Pictures stay out; please output the remaining data exactly.

#### Provided data
——————
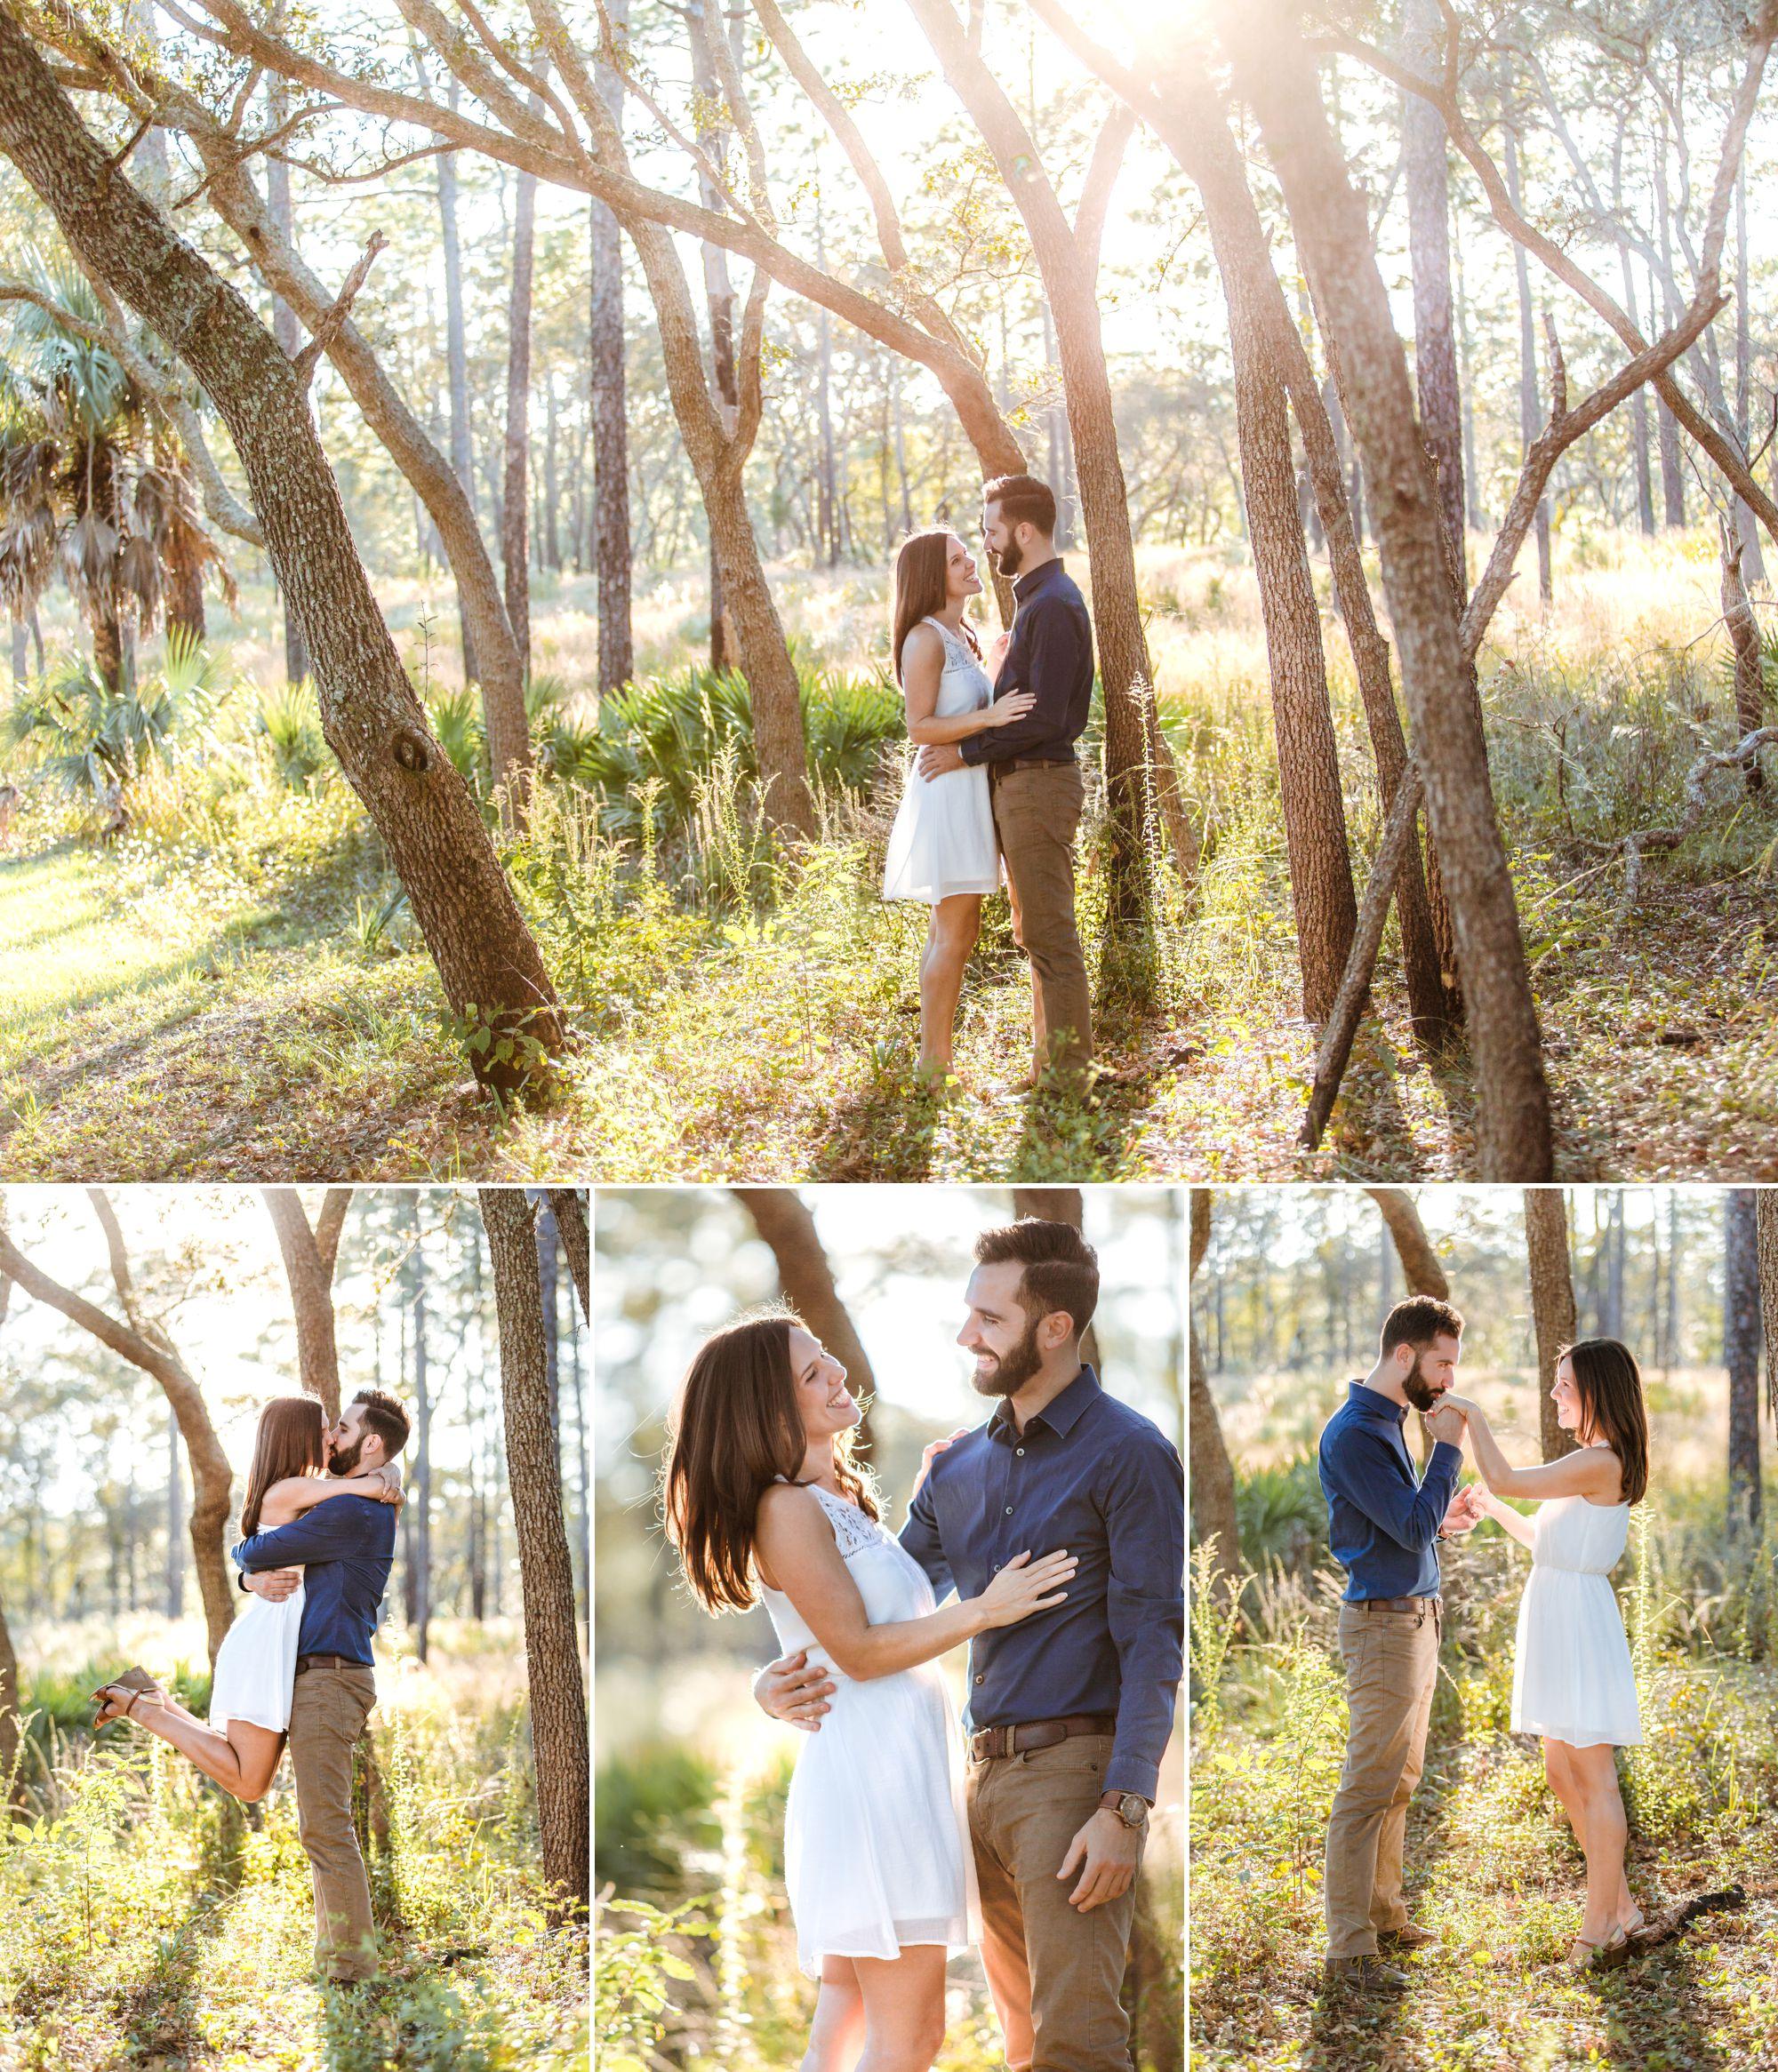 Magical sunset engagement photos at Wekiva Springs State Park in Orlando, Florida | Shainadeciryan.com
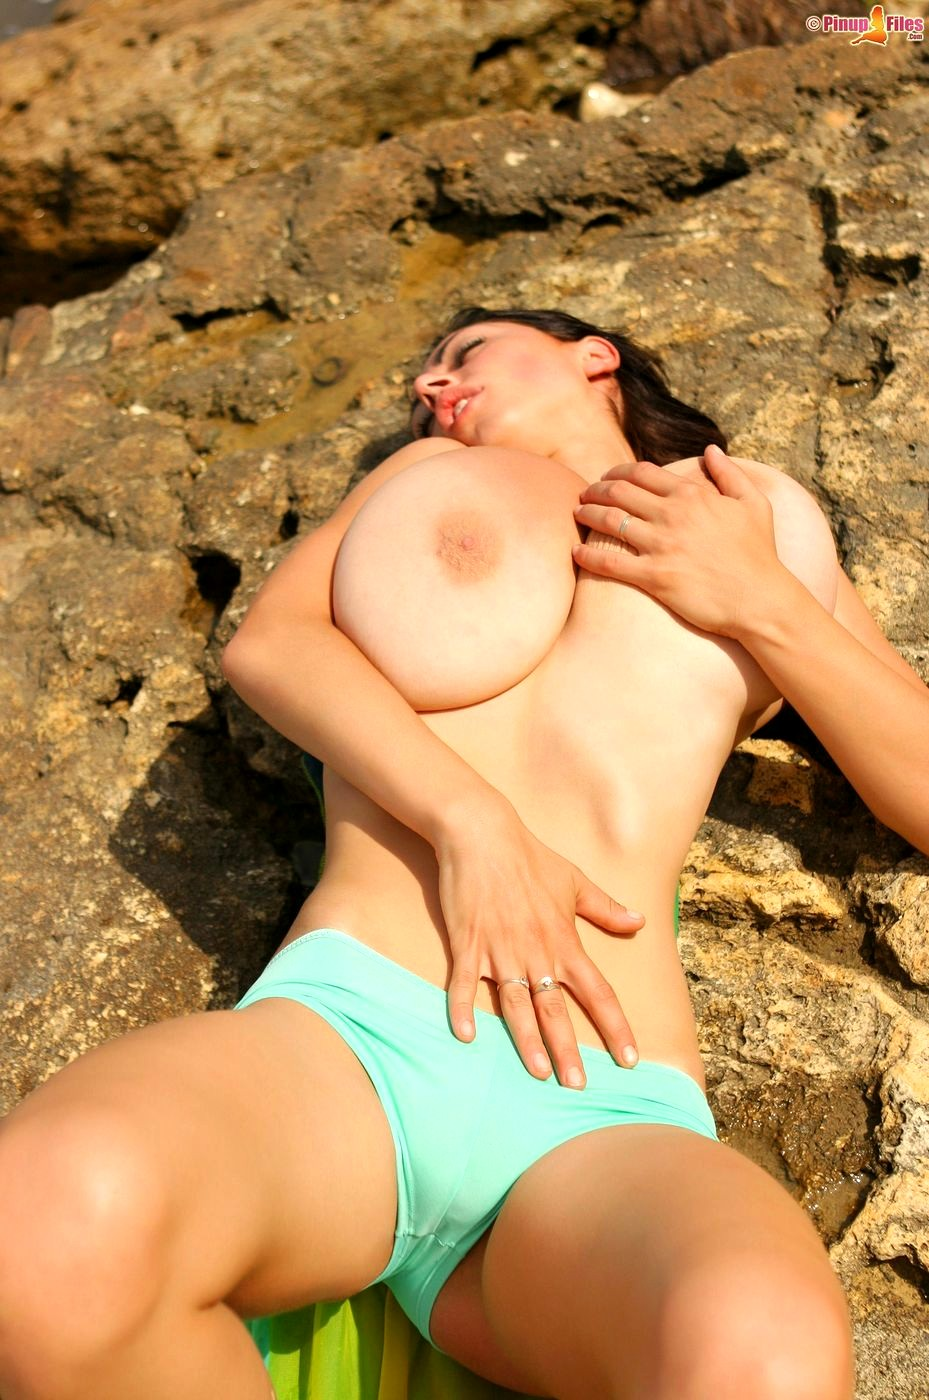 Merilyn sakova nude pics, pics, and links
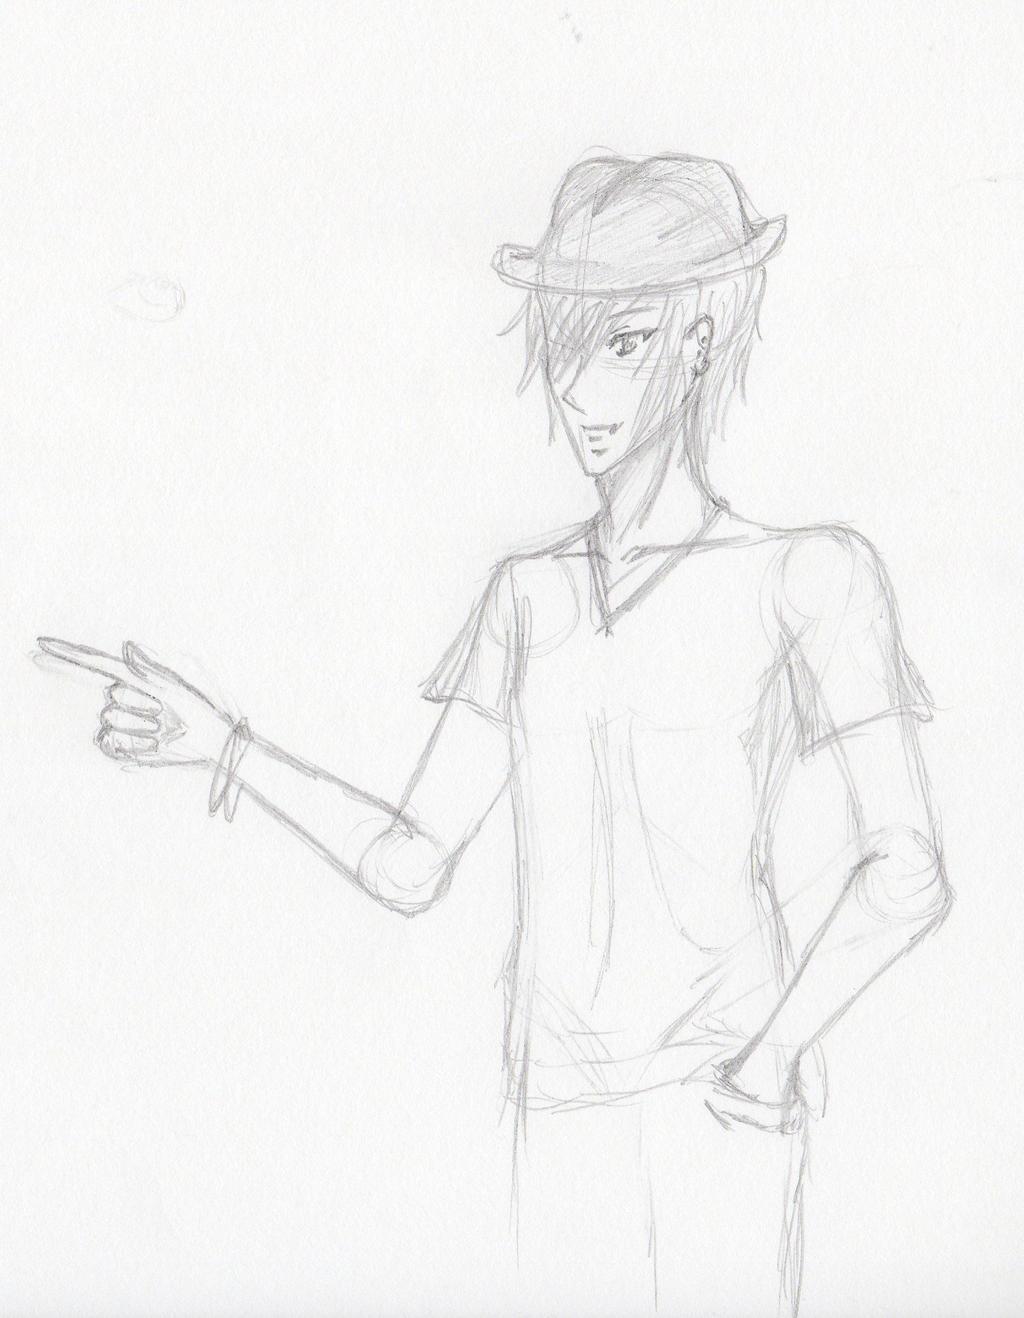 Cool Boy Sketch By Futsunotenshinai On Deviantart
——————
#### Solution for this problem
 Magical sunset engagement photos at Wekiva Springs State Park in Orlando, Florida | Shainadeciryan.com
 Merilyn sakova nude pics, pics, and links
 Cool Boy Sketch By Futsunotenshinai On Deviantart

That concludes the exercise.